Чтение онлайн

на главную - закладки

Жанры

Лестницы Шамбора
Шрифт:

И вдруг он понял, что ровно ничего не чувствует. Впервые в жизни он ровно ничего не чувствовал, любуясь этими сокровищами. Не мог побороть безразличие, посторонние мысли. Ушибленное бедро болело все сильнее. Он разложит миниатюры по ящикам, торопливо задвинул их. Тот порядок вещей, над которым он имел неограниченную власть, безнадежно рухнул. Он подумал о Лоранс, о душистой коже Лоранс, о ее золотисто-серых глазах. В тот миг когда он вставал на ноги, потирая бедро, ушибленное о край пианино в «первой гостиной», перед ним блеснуло молниеносное видение. Девочка из школы на улице Мишле. Внезапно она обернулась, показав ему лицо. Но он не успел разглядеть ее черты. Увидел только глаза – огромные, лучезарные, карие глаза. Она взяла его за руку.

– Не буду больше играть на пианино!

– Мне хочется пить. А тебе?

Дождь лил как из ведра, а его мучила жажда. Он отошел от девочки и начал слизывать водяные капельки с железной решетки Люксембургского сада, ощущая холод железных прутьев.

Вот и все. Видение длилось только миг, пока он вставал на ноги. Он растворил окно своей комнаты, впустив шум ливня, поглотившего

и сад, и Антверпен, и Эско, и Северное море вдали. И подумал о детских годах на площади Одеон, которые на десятки лет словно бы выпали из памяти, возникая лишь обрывками, нежданно-негаданно. Он резко обернулся. Прикрыв ладонью рот, лег на свою детскую кровать. И проклял эту маленькую призрачную женщину, что неотрывно следовала за ним по пятам, где бы он ни был. Ему стало холодно. Он пожалел, что не взял грелку, которую Луиза приготовила для него в буфетной. С ненавистью покосился на ящики комода, с отвращением вспомнил свои путешествия, свои магазины, свой номер в отеле. Прошел в туалетную, снял одежду, умылся. Вернулся в спальню. Тоска, охватившая его в «первой гостиной», снова завладела им. Он закрыл окно, отгородившись от дождя и темноты.
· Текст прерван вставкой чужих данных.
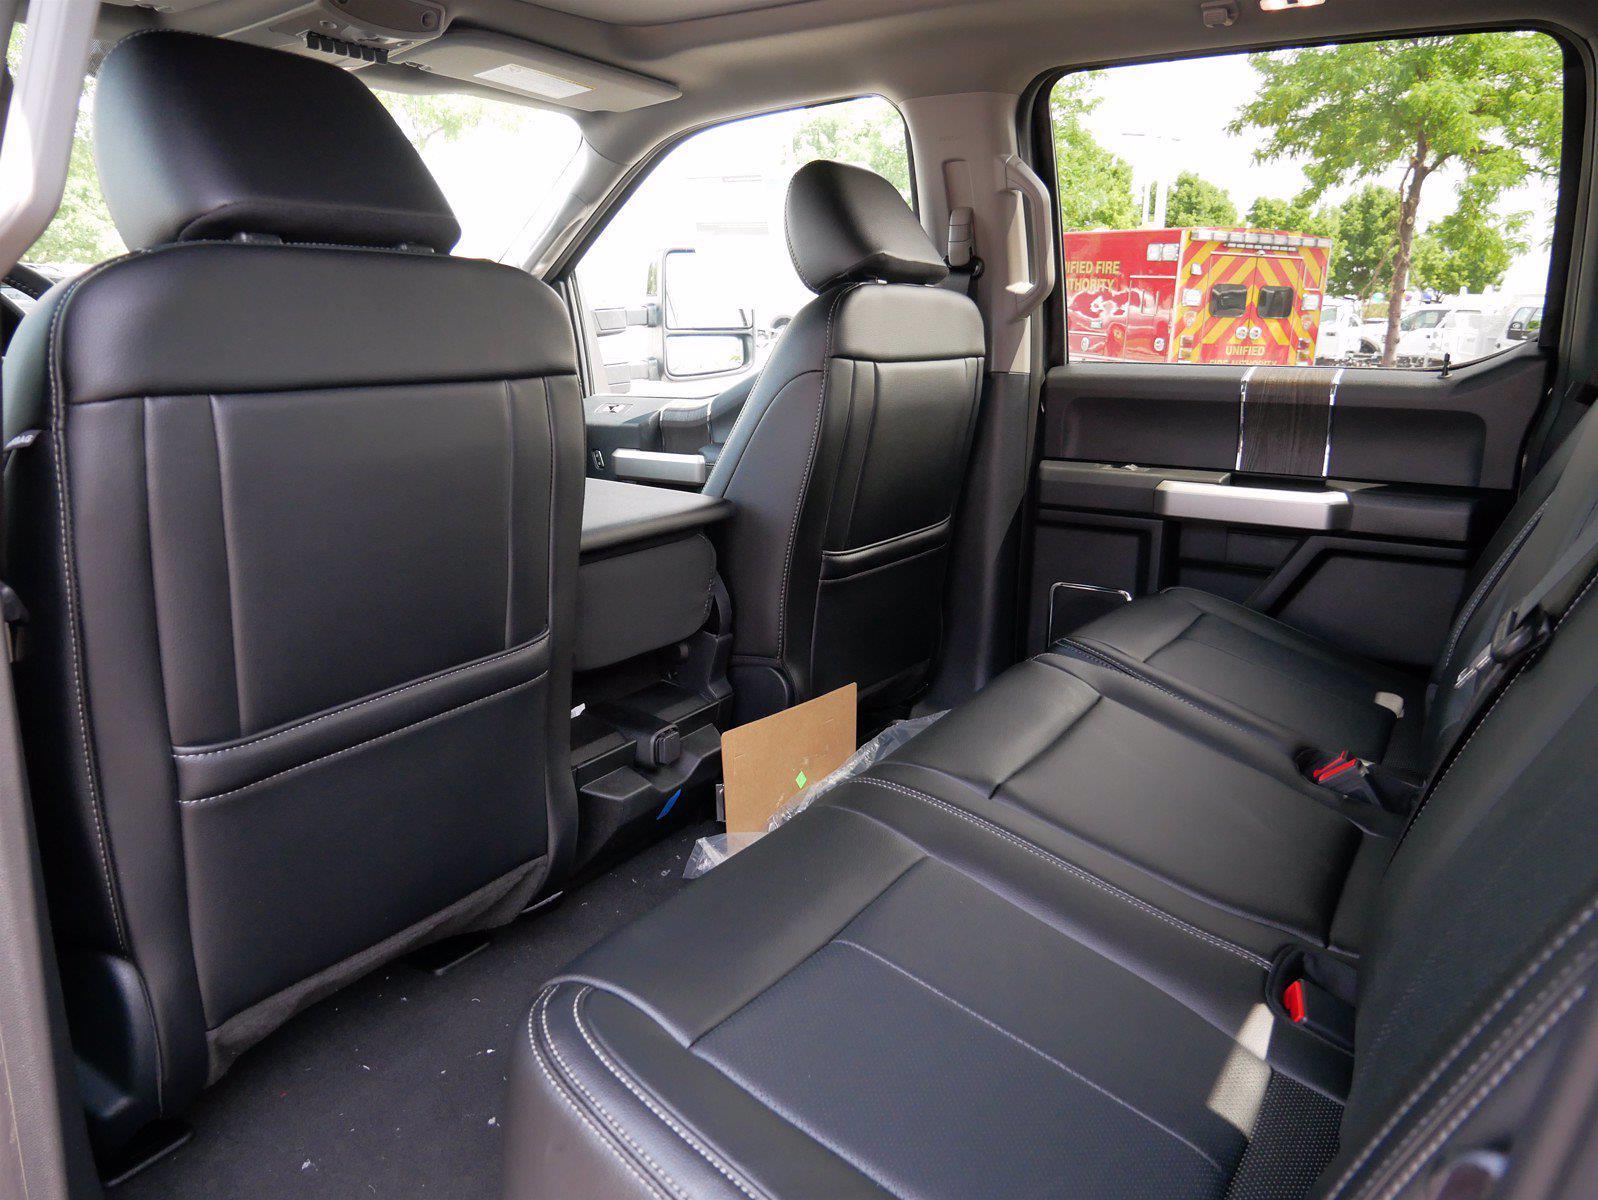 2021 Ford F-350 Crew Cab 4x4, Pickup #24539 - photo 28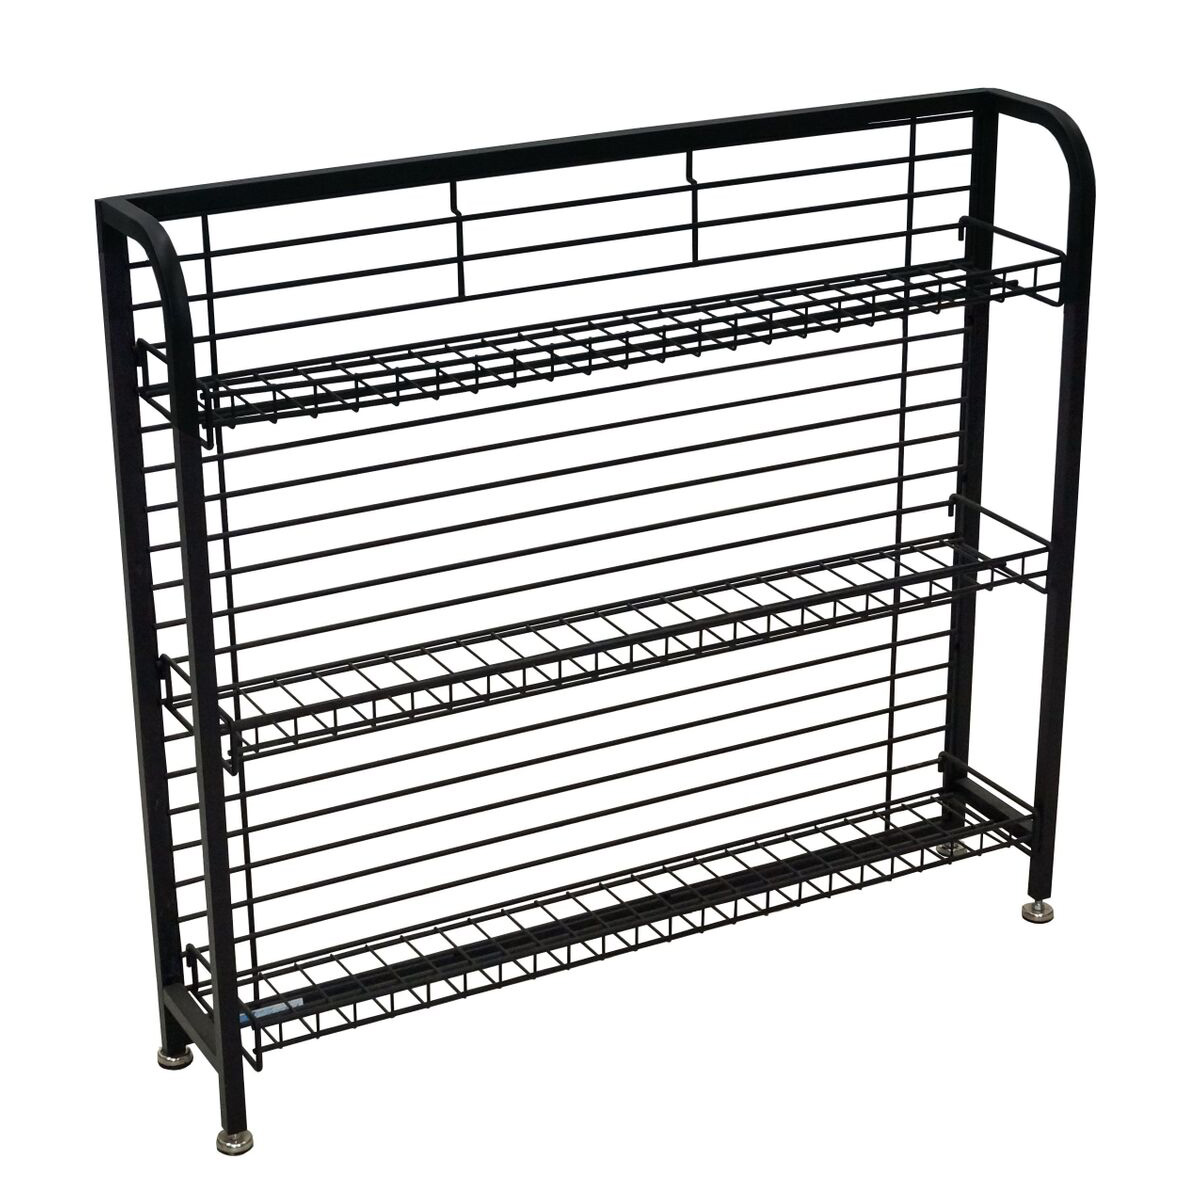 Black For Sale Floor Flat or Slanted 4 Shelf Wire Display Rack

Нет, это была не тоска – просто он, сидя голым на детской кровати и ловя свое смутное отражение в освещенных стеклах шкафов, чувствовал себя растерянным, убитым. Кто-то затаившийся внутри него жалобно хныкал, «пускал слезу», бормотал по-антверпенски, скулил, упрашивал, заклинал: «Маленькие видимые вещи! Маленькие видимые вещи, вы же связаны с миром невидимого! Вы же стонете, угодив в непомерно большую руку, которая держит вас в плену, давно разучившись играть вами. Вы плачете по пухлым губкам, которые никогда уже не будут гудеть и вибрировать, изображая великолепный рев автомобильного мотора. Маленькие видимые вещички, вы разучились возить своего хозяина, вы бессильны вернуть его в дом, в настоящий, отчий дом, в единственный на свете родной дом, но, молю вас, сохраните для меня, презрев время, это мое любимое местечко на краешке ковра, где детским коленкам так тепло на мягкой старинной шерсти, на границе с темным холодным паркетом, чьи узоры еще тогда пророчили дальние дороги!»

Ей почудилось, будто пара слуховых окошек вперила в нее невидящие круглые глаза цвета расплавленного золота. Лучи семичасового солнца багряными пятнами лежали на полу. «В этой квартирке, – думала Лоранс, – словно пожар занялся». Было семь вечера. Лоранс разглядывала комнату студии, которую оставила ей Роза. Вчера она принесла сюда цветы. Ей следовало бы вернуться к Иву, вернуться домой. Они так и не поехали в Киквилль. Весь день лил дождь. Она не знала телефона Эдуарда в Антверпене. Лоранс Гено чувствовала себя безнадежно одинокой. Вот уже десять лет, как ее мать находилась в клинике Лозанны, на берегу озера, где все дни напролет просиживала у воды на железном стуле под сенью платана – скорбная, погруженная в себя женщина в темно-сером костюме. Ее мысли витали где-то далеко. Тщетно Лоранс обнимала ее – отрешенная мать никого не замечала. Лоранс чувствовала себя отверженной, выброшенной из жизни. Из жизни Ива, из жизни Эдуарда, из музыки – последние три дня, из жизни всех, всего мира. Это ощущение заброшенности было невыносимо для Лоранс. Все, что ни попадалось ей под руку, дышало заброшенностью. И это чувство повергало ее в панику. Куда исчез Эдуард? Чем он занят? Думает ли о ней? И отчего не звонит – боится или, может, попросту отказался от нее?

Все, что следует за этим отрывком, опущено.